Gözlemci ve araştırıcı bir ruhla bakıldığında, günümüz de de aynı gerçekleri görmek mümkündür.

"Cinleri Allah'a ortak koştular. Oysa ki onları da Allah yaratmıştı. Bilgisizce O'na oğullar ve kızlar yakıştırdılar. Hâşâ! O, onların ileri sürdüğü vasıflardan uzak ve yücedir."[251]

Bilindiği gibi bazı Arap müşrikleri cinleri Allah'a ortak koşarak onlara taparlardı. Onların da Allah'ın yaratıkları olduğunu, mahlûk olan bir varlığın yaratıcı olmayacağını düşünemiyorlardı. Kur'an bu konudaki çelişkili düşünceleri ortaya koyarak, akılları eğitmektedir.

Ayrıca Yahudiler, Hz.Üzeyr'e "Allah'ın oğlu" diyor­lardı. Aynı isimlendirmeyi, Hz. İsa'ya Hıristiyanlar yapmışlardı.[252] Nitekim bazı müşrikler de, meleklere dişilik vasfı isnad ederek "Allah'ın kızları" diyorlardı.

Kur'an bu konuda, insanın düşünme mantığının düzeltilmesi için, değişik şekillerde izahlar yapmakta ve oldukça canlı misâller vermektedir.

"Allah'ın yarattığı ekinlerle hayvanlardan Allah'a pay ayırıp zanlarınca, 'Bu Allah'a, bu da ortaklarımıza (putlarımıza)' dediler. Ortakları için ayrılan Allah'a ulaş­mıyor; fakat Allah için ayrılan ortaklarına ulaşıyor! Ne kötü hüküm veriyorlar."[253]

"(İnsanları) Allah yolundan saptırmak için O'na ortaklar koştular. De ki: (İstediğiniz gibi) yaşayın! Çünkü dönüşünüz ateşedir."[254]

"De ki: Allah'ın dışında çağırdığınız (taptığınız) şeylere tapmak bana yasak edildi.
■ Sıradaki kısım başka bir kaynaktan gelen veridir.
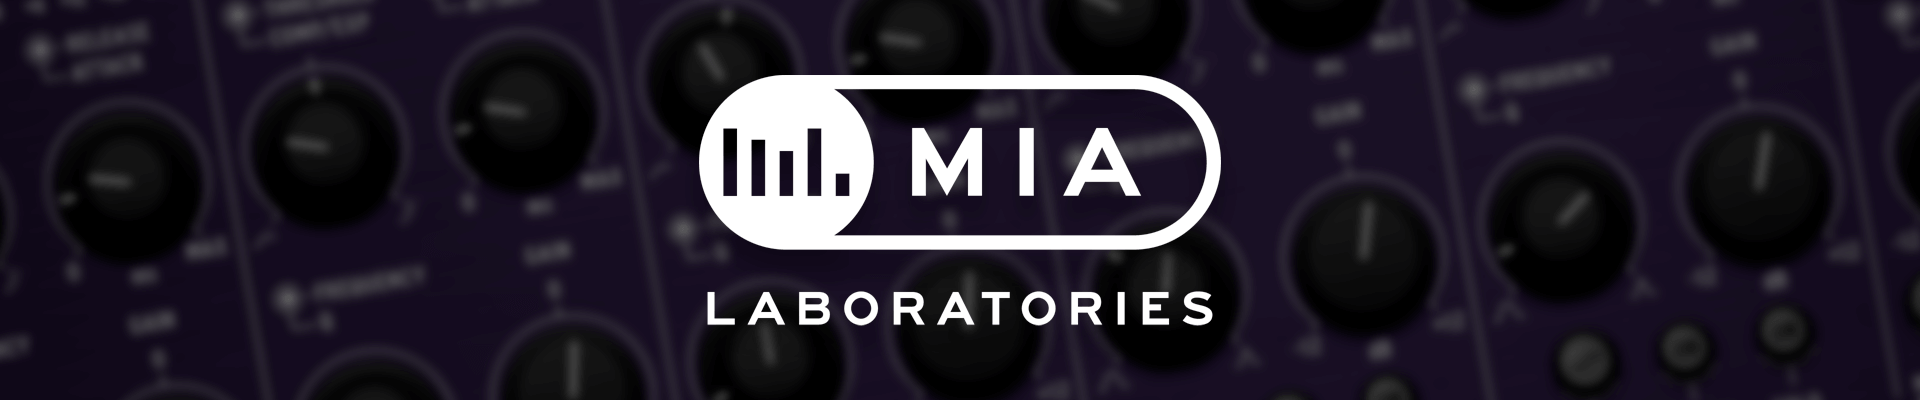 MIA Laboratories Banner

De ki: Ben sizin arzu­larınıza uymam, aksi halde sapıtırım da hidayete eren­lerden olmam."[255]

"(Ey kâfirler!) Allah'ı bırakıp da taptıklarınız sizler gibi kullardır. (Onların "tanrılığı hakkındaki iddianızda) doğru iseniz, onlan çağırın da size cevap versinler! "[256]

"Allah'ın dışında taptıklarınızın, ne size yardıma güçleri yeter, ne de kendilerine yardım edebilirler."[257]
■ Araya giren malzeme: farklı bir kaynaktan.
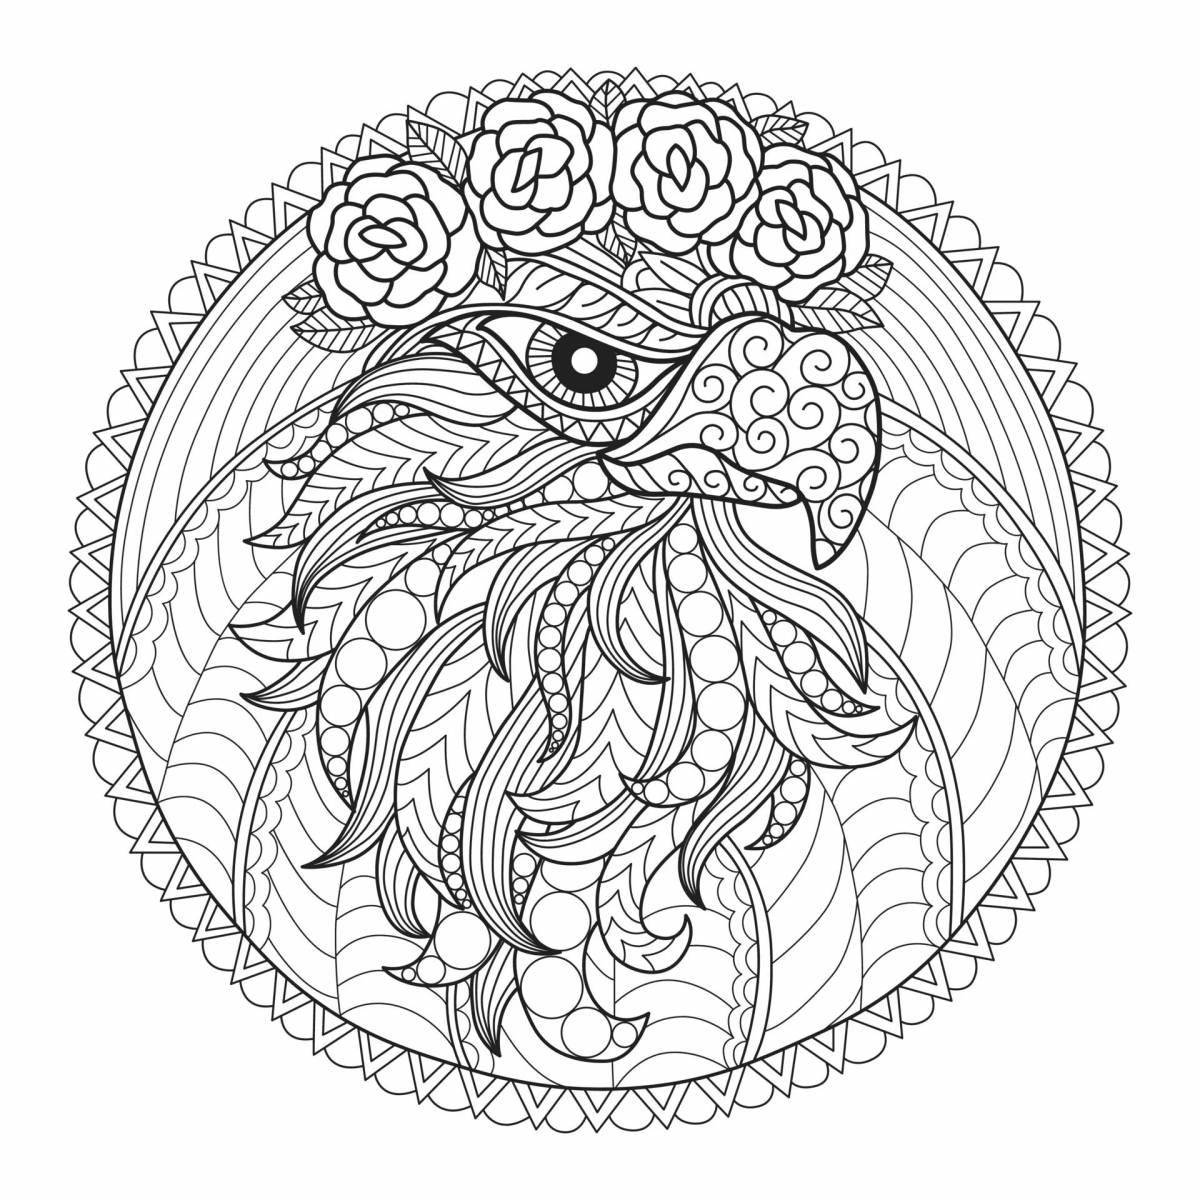 Королевская раскраска антистрессовый орел

"Denizde başınıza bir musibet geldiğinde, O'ndan başka bütün yalvardıklarınız kaybolup gider. O sizi kurtarıp karaya çıkardığında, (yine eski halinize) döner­siniz. İnsanoğlu çok nankördür."[258]

Müşrikler ne kadar tanrılarını maddî şekiller yaparak takdim ederse etsin, Kur'an bunlara, gerçek tanrı ve varlık gözüyle bakmaktadır.[259]

 Güçsüzlükleri

 İnsan fıtrat itibariyle "güçlü" olandan yanadır. Çünkü başı dara düştüğünde, bir problemle karşılaştığında, hep sığınacak güçlü bir yer arar.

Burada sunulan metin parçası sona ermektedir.